O presidente Lula acaba de declarar que “a Justiça Federal em Brasília absolveu a companheira Dilma da acusação de que ela tinha feito pedalada”. Argumentou, inclusive, que “é preciso ver como é que se repara uma coisa que foi julgada por uma coisa que não aconteceu”. Para Lula, a decisão da Justiça “é a prova de que houve um golpe no Brasil em 2016″.

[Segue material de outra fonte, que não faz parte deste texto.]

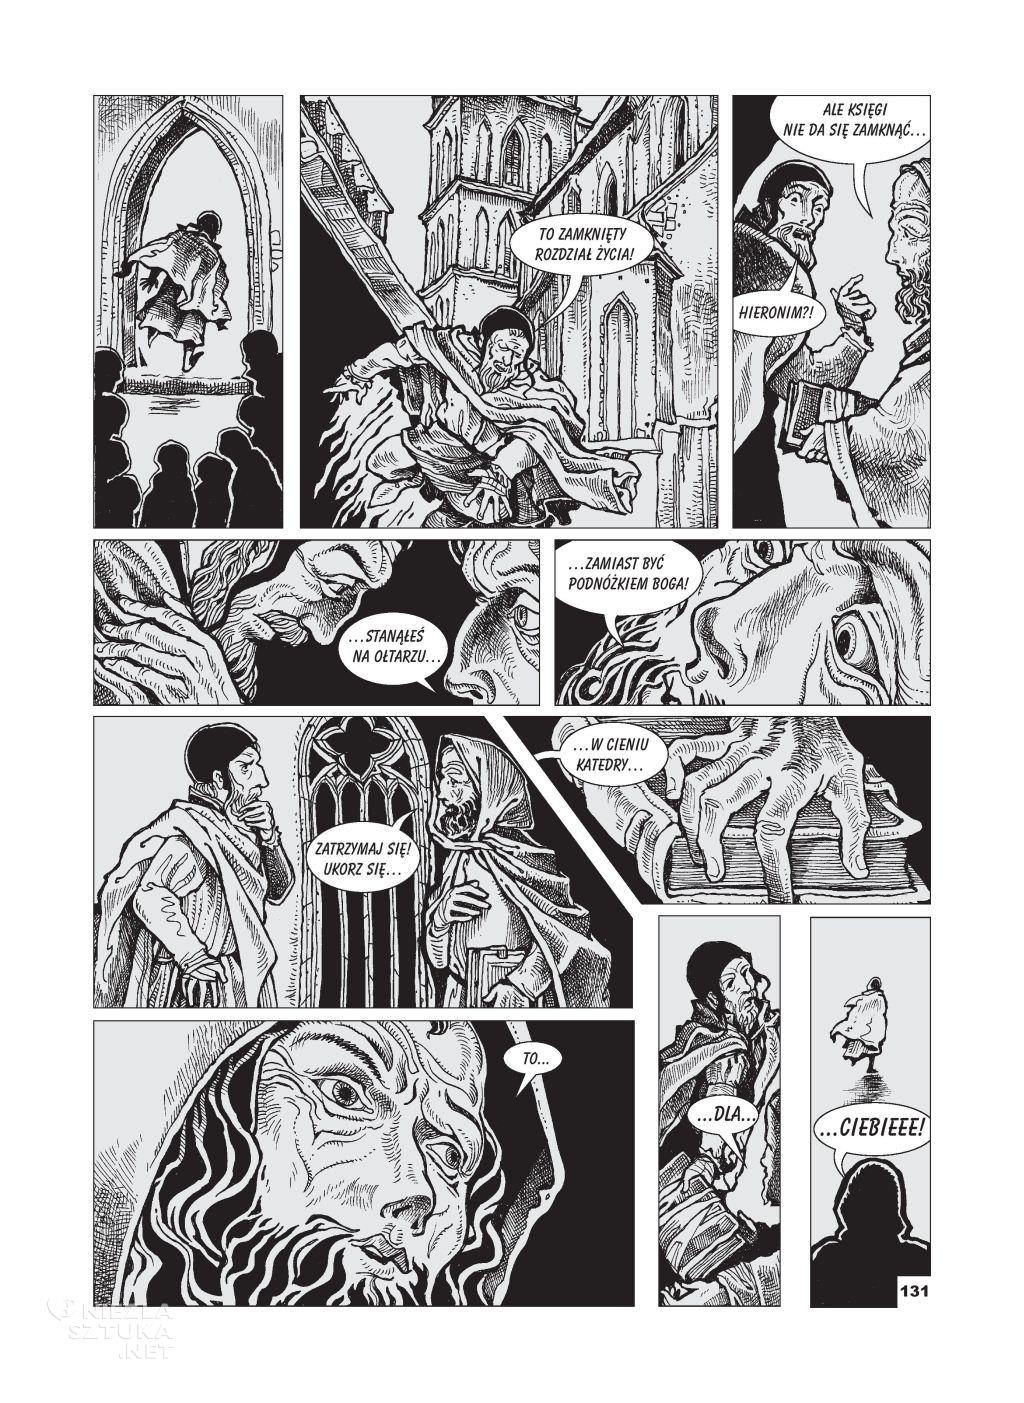 16_oltarz-page-011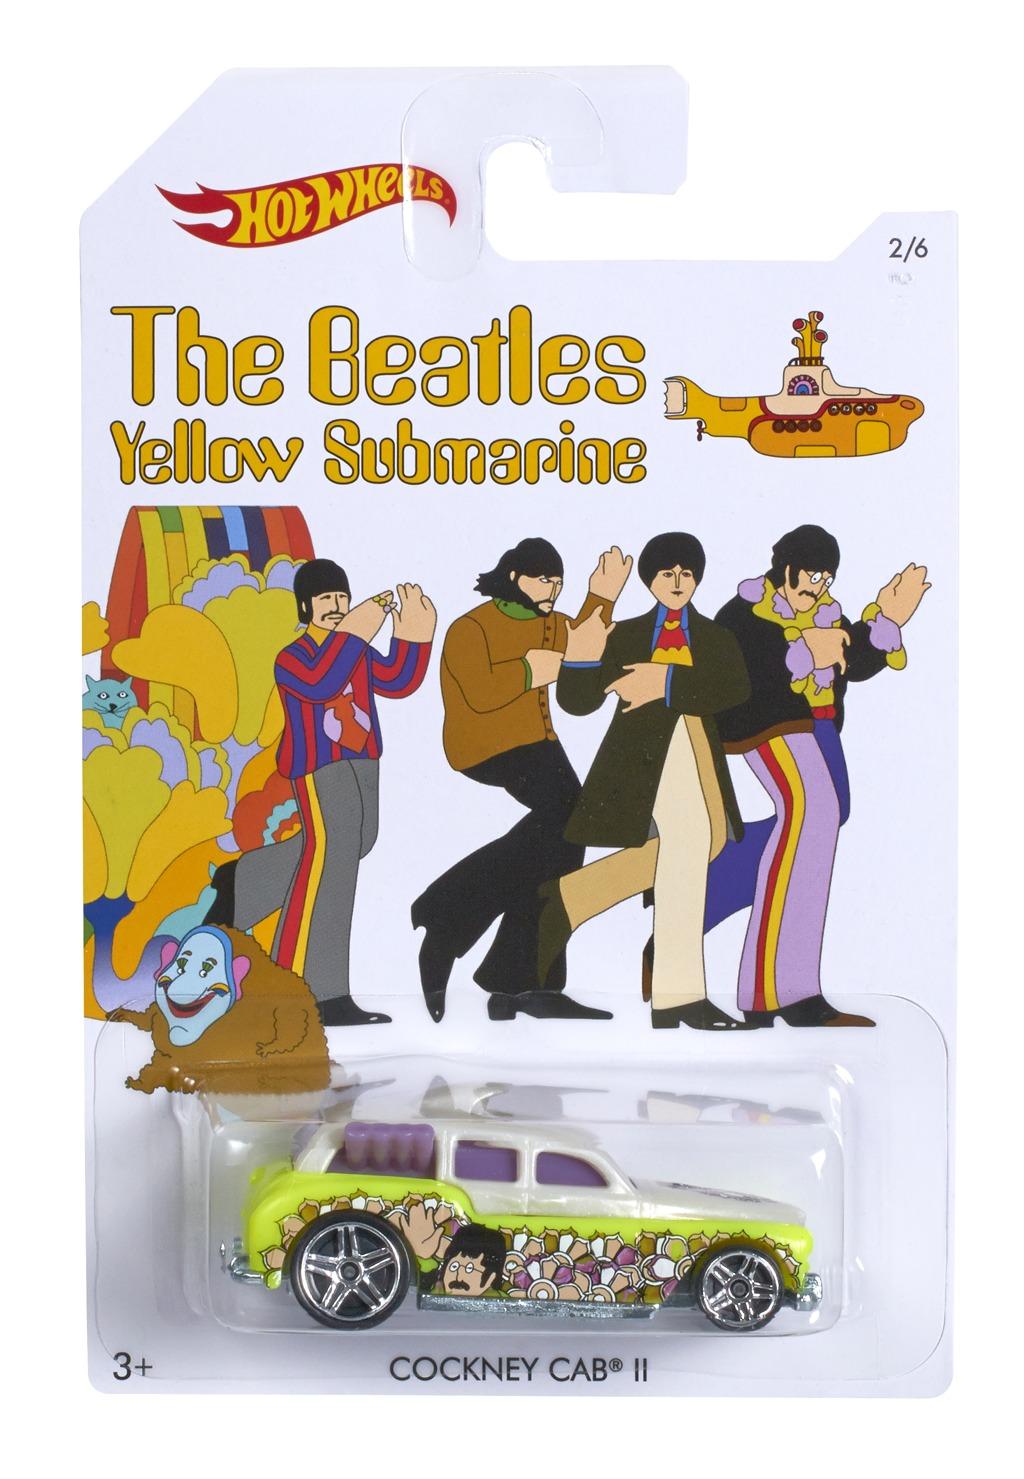 Hot Wheels angličák the Beatles

NA MESMA TOADA – A presidente do PT, deputada Gleisi Hofmann, foi na mesma toada ao afirmar que a decisão da 10ª turma da Justiça Federal da primeira região (TRF-1) “deixa claro que o impeachment foi uma grande farsa”. Disse ainda que o partido “vai articular no Congresso um projeto de resolução para a devolução simbólica do mandato presidencial a ex-presidente Dilma”.
Apesar de Lula e o PT terem imediatamente proclamado a inocência da ex-presidente, a decisão do TRF-1, na realidade, não absolve Dilma seja do ponto de vista jurídico ou político.
O Ministério Público Federal (MPF) havia solicitado uma ação civil por improbidade administrativa contra a ex-presidente. O TRF-1 negou o pedido, mantendo a decisão anterior de arquivamento da ação do MPF, ao argumentar que o fato de a ex-presidente não ocupar mais o cargo, fica impedida a abertura da ação.
TECNICALIDADE… – De acordo com a nova lei da improbidade administrativa de 2021, a clara intenção do agente público tem que ser comprovada, esvaziando assim a acusação para aqueles que cometem o crime, mas não mais se encontram no exercício da função.
O TRF-1 lembra, na mesma decisão de arquivamento desta ação, que atos ímprobos de um presidente da República devem ser interpretados como crime de responsabilidade e, portanto, enquadrado em outra lei, a de número 1079 de 1950; ou seja, a lei do impeachment.
A decisão do TRF-1, portanto, não analisou o mérito, mas decidiu que a ação de improbidade não era adequada e que o regramento jurídico aplicável nesses casos seria justamente a lei do impeachment, exatamente como o ocorrido no julgamento político da ex-presidente no Senado.
DECISÃO INQUESTIONÁVEL – Desta forma, a legitimidade política e jurídica da decisão soberana do Senado Federal de abreviar o segundo mandato da ex-presidente por meio do impeachment em função de crimes fiscais e orçamentários, como declarado por José Múcio Monteiro, então relator do processo no Tribunal de Contas da União e hoje ministro da Defesa de Lula, não foi e nem poderia ser questionada pelo TRF-1.
Embora o impeachment tenha uma natureza híbrida, ou seja, também exija um embasamento jurídico que dê enquadramento a um crime de responsabilidade, esse é um processo institucional fundamentalmente político, caracterizado, em última instância, pela perda da maioria legislativa do chefe do Executivo e não de uma decisão judicial.
Lula e o PT, ao invés de reconhecerem seus erros, procuram desencadear um movimento político baseado na suposta alegação de que a ex-presidente é proba e que o impeachment foi “uma injustiça contra uma mulher honesta e digna”, como alega sua defesa.
FALSA VERSÃO DO PT – Afinal de contas, para o presidente Lula e o PT o passado pode estar sempre mudando… só o futuro é certo.
Mas o que vai ficar para a História é que o PT e Dilma foram politicamente incompetentes para impedir seu impeachment em um contexto de “tempestade perfeita”, caracterizado por uma crise econômica sem precedentes, pelo o maior escândalo de corrupção da história, por grandes mobilizações e protestos de rua e, finalmente, pela quebra por má gerência de suas coalizões.
Dilma e Lula jamais foram “inocentados”.